Хозяйственные заботы, тяжким грузом легшие на отвыкшие от него плечи матери, почти не касались Адьки. Ему вменялось в обязанность лишь мыть посуду в тазике, задавать днем корм корове, хряку и курам, качать ручным насосом воду из озера и быть на подхвате по мелочам. Мать же долго убивалась колкой дров: кругляши-то лесник им на своей лошади доставил, столковались, а вот колоть никто нипочем не брался: немногое могли предложить в качестве платы две бедные женщины, едва хватало их семье кое-как прокормиться. Да и морозы вдруг ударили небывалые – такие, что старики боялись, не померзли бы намертво все яблони и сливы… Немцы окопались в райцентре в теплой казарме, организованной в школе – носу на улицу не казали, и Адька по ночам иногда приподнимался в темноте и прислушивался: не послышится ли где-то вдалеке неясный пока гром? Ведь это означало бы, что привычная к морозам Красная Армия идет, идет на запад, чтобы взять врасплох напуганных знаменитой русской зимой фашистов, прогнать их со Псковщины, с берегов Морок-озера, со всей Советской земли… И тогда он, Адька, поедет с мамой в Ленинград к отцу… А отец… Он ничего не спросит, просто посмотрит испытующе и сурово – но Адька не опустит глаз: ведь он уже взрослый, побывавший почти что на войне… А потом скажет тихо, но твердо: «Отец, я решил сменить имя». Но в звенящей от холода ночи слышался иногда только пугающе близкий волчий вой, и тогда с кровати за занавеской шумно вставала баба Зина и, сунув ноги в валенки и накинув тулуп, бесстрашно выходила с огнем на мороз, беспокоясь, не подкопали бы звери хлев или птичник…
Весна не принесла с собой никаких новых напоминаний о войне, кроме ставшего уже привычным рева черных самолетов, да нескольких дальних выстрелов и автоматных очередей – то испуганные немцы палили в темноту, опасаясь выхода разбуженного русского медведя.

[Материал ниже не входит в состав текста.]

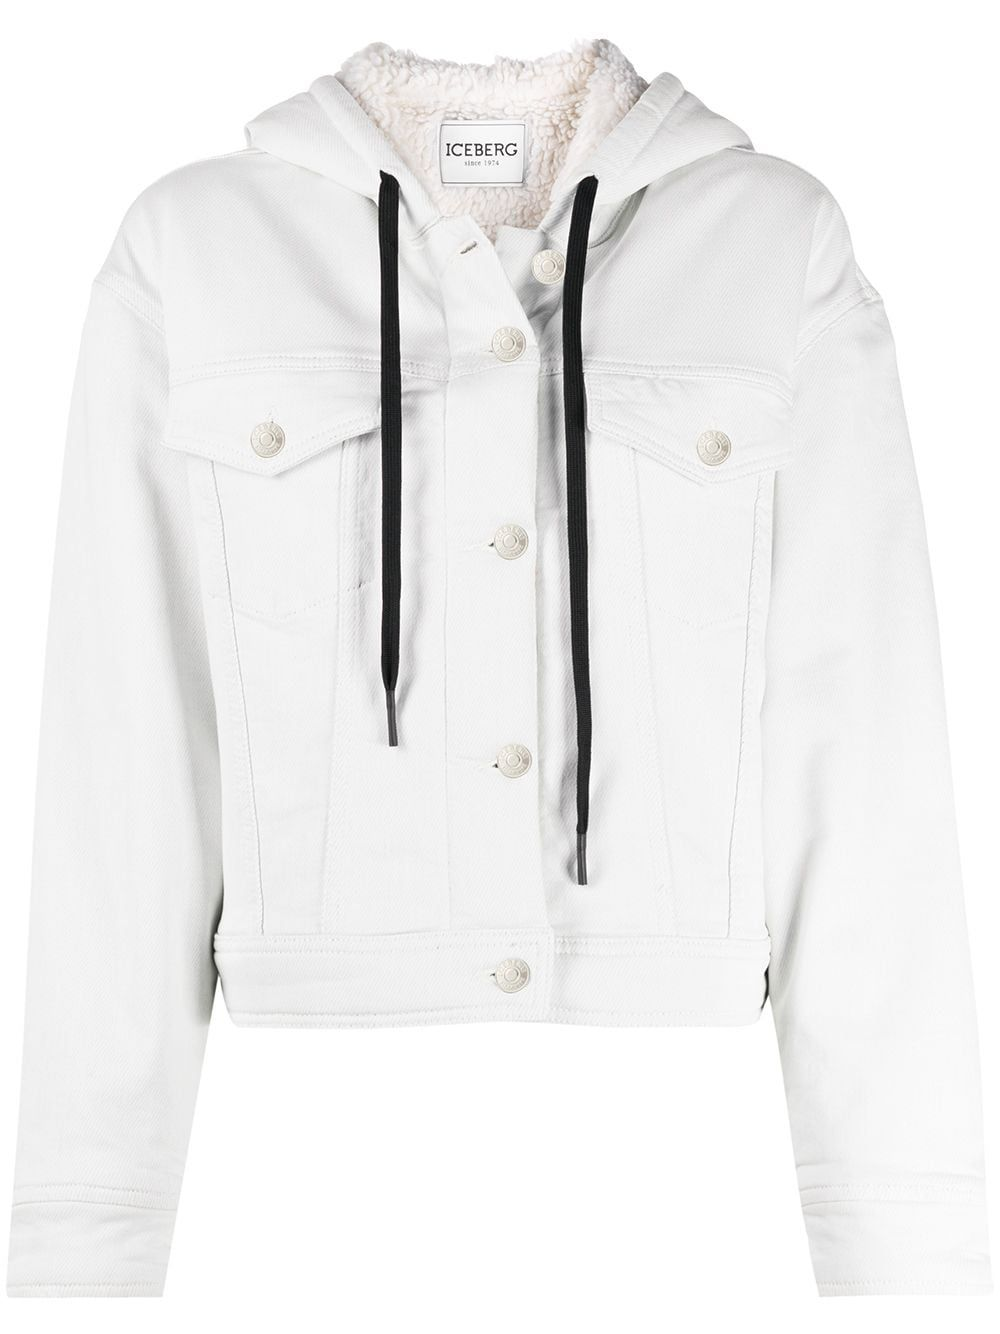 Iceberg Hooded Denim Jacket Farfetch In 2020 Hooded Denim Jacket Jackets Denim Jacket [ 1334 x 1000 Pixel ]

К ограниченным зимним заботам прибавились труды на огороде – теперь даже Адька знал, насколько важно добиться к осени хорошего урожая, ибо за зиму дошел до понимания самых различных сложных вещей: например, он впервые постиг недоступную прежде истину, что каждый положенный в рот кусок полит чьим-то потом, и что раньше, зная только, что еда берется у мамы из сумки, был по, по сути, презренным дармоедом.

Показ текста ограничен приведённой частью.